A YORK councillor who is accused of bullying and intimidatory behaviour has finally been identified.
He is Haxby town councillor Tony Richardson, a Conservative former member of City of York Council.
He is facing a city council standards sub-committee hearing later this month over a series of allegations against him - but says he will 'fight this all the way until justice is the victor.'
The Press reported earlier this year how the sub-committee was due to consider allegations against an unidentified member of a parish/town council in the York area.
This newspaper subsequently urged York council to hold the hearing in public and name the councillor, arguing that it was clearly in the public interest for their identity to be known by the electors whom they represented.
We argued that if the veil of secrecy was not lifted, people all over York might wrongly wonder if the allegations related to a member of their own local town or parish council.
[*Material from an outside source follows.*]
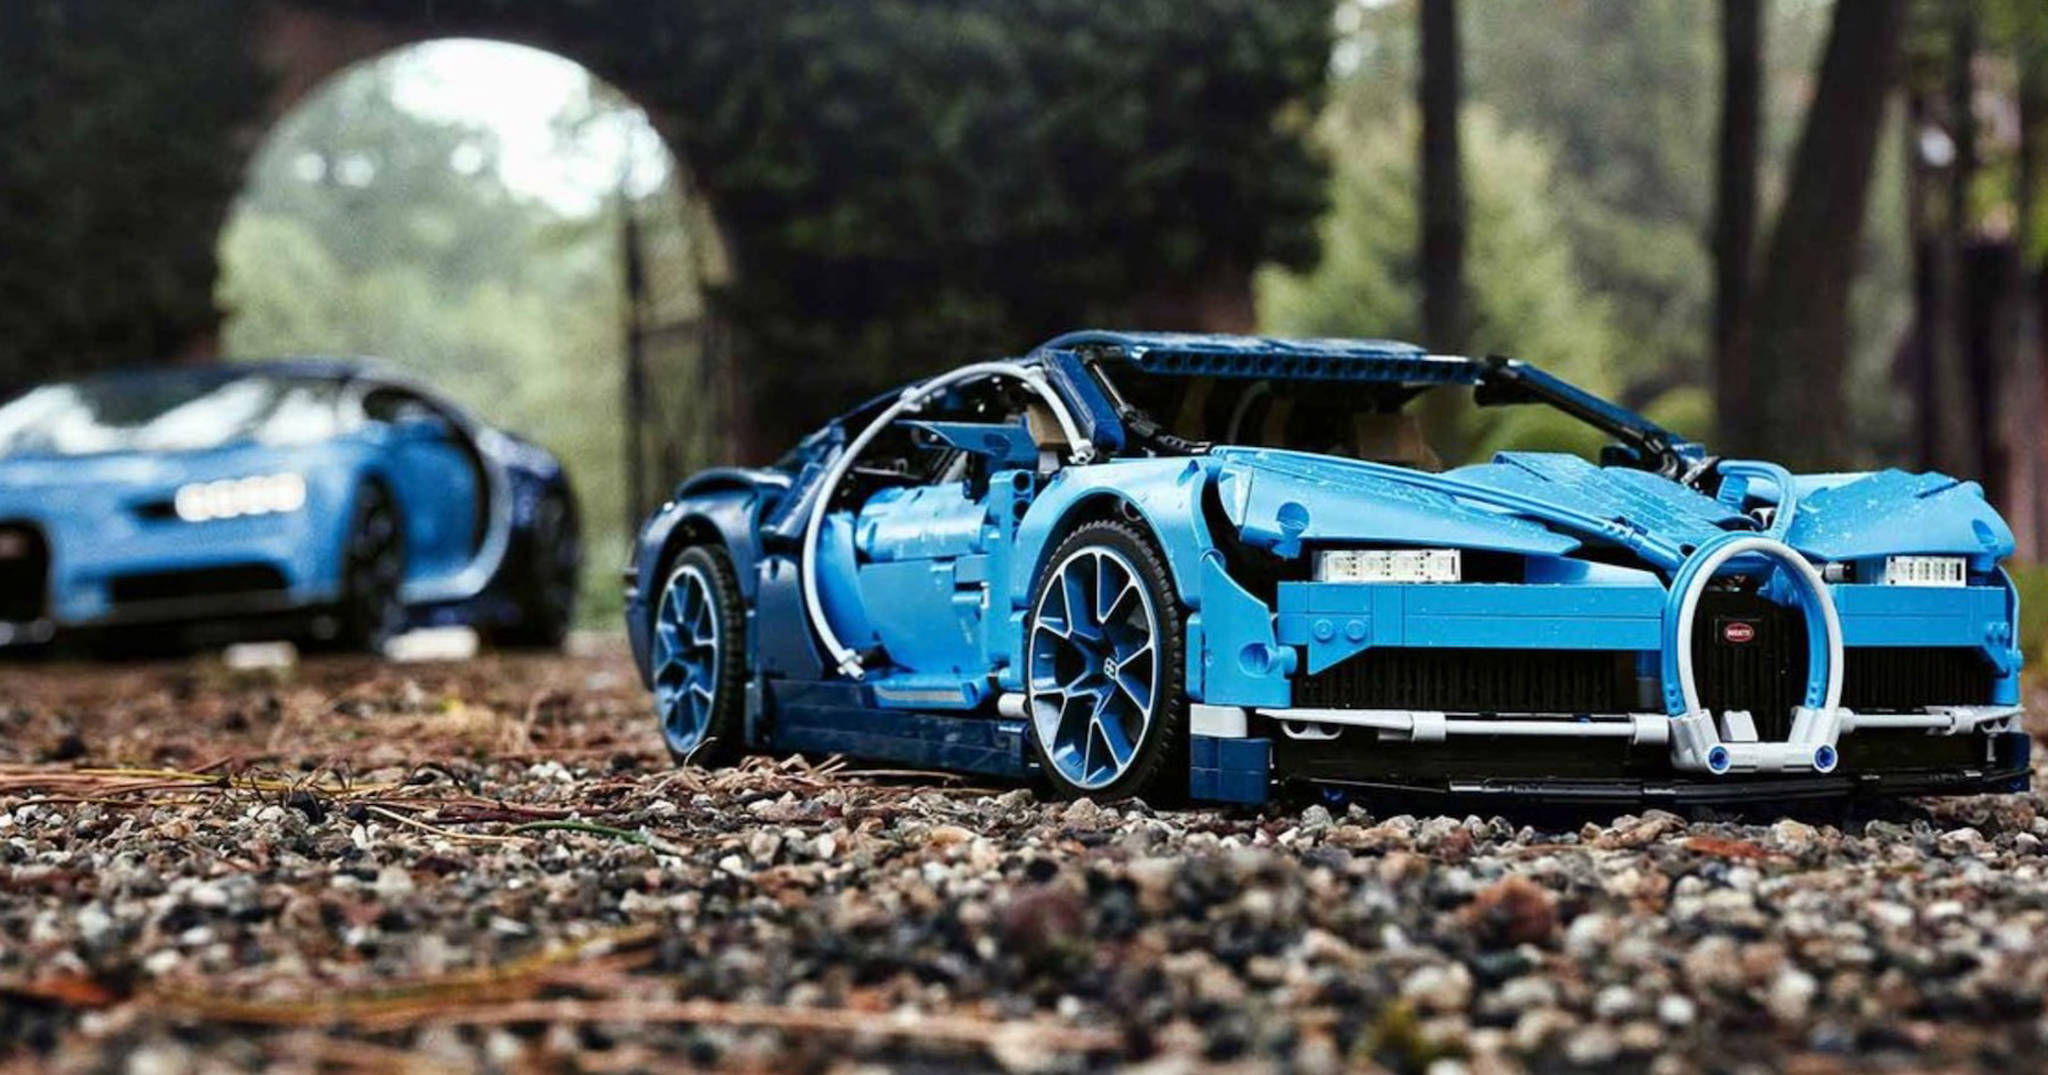 Mô hình LEGO của Bugatti Chiron rất đẹp: 3599 mảnh, chi tiết đến cả động cơ, giá 350$

Now agenda papers have been published for a hearing on April 20 in which Cllr Richardson is named as the councillor at the centre of the allegations.
A report says one complaint against him was that he corresponded with other town councillors and the clerk 'in a manner which, it is alleged, was bullying, threatening and intimidating.'
It says another accusation is that he was 'disruptive, aggressive and confrontational' during a town council meeting, in particular towards the clerk. It also says the clerk had alleged that Cllr Richardson had assaulted him during a meeting.
The report says issues to be determined are:
*Has Cllr Richardson breached Haxby Town Council’s Code of Conduct?
*If so, should a sanction should be imposed and if so, what sanction?
The city council has also published a 465 page investigating officer's report, headed 'strictly private and confidential,' which has been partially redacted but goes into the allegations in great detail.
Cllr Richardson told The Press he intended to be at the hearing 'to refute all claims as made up stories.'
He claimed a 'false and misleading' statement made by York Council in The Press was 'nothing short of slander, meant to tarnish me before the hearing.'
He claimed he had never assaulted any clerk and had been cleared in a court of law of any wrong doing.
He claimed: "The standards process is flawed, biased and not fit for purpose as it is.
"The law needs to change so that the Local Government Act 1972 is a criminal law."
He said he feared it would not be a neutral hearing but warned: "At the first hint of being hung for nothing, the case will go to the Ombudsman for Local Government."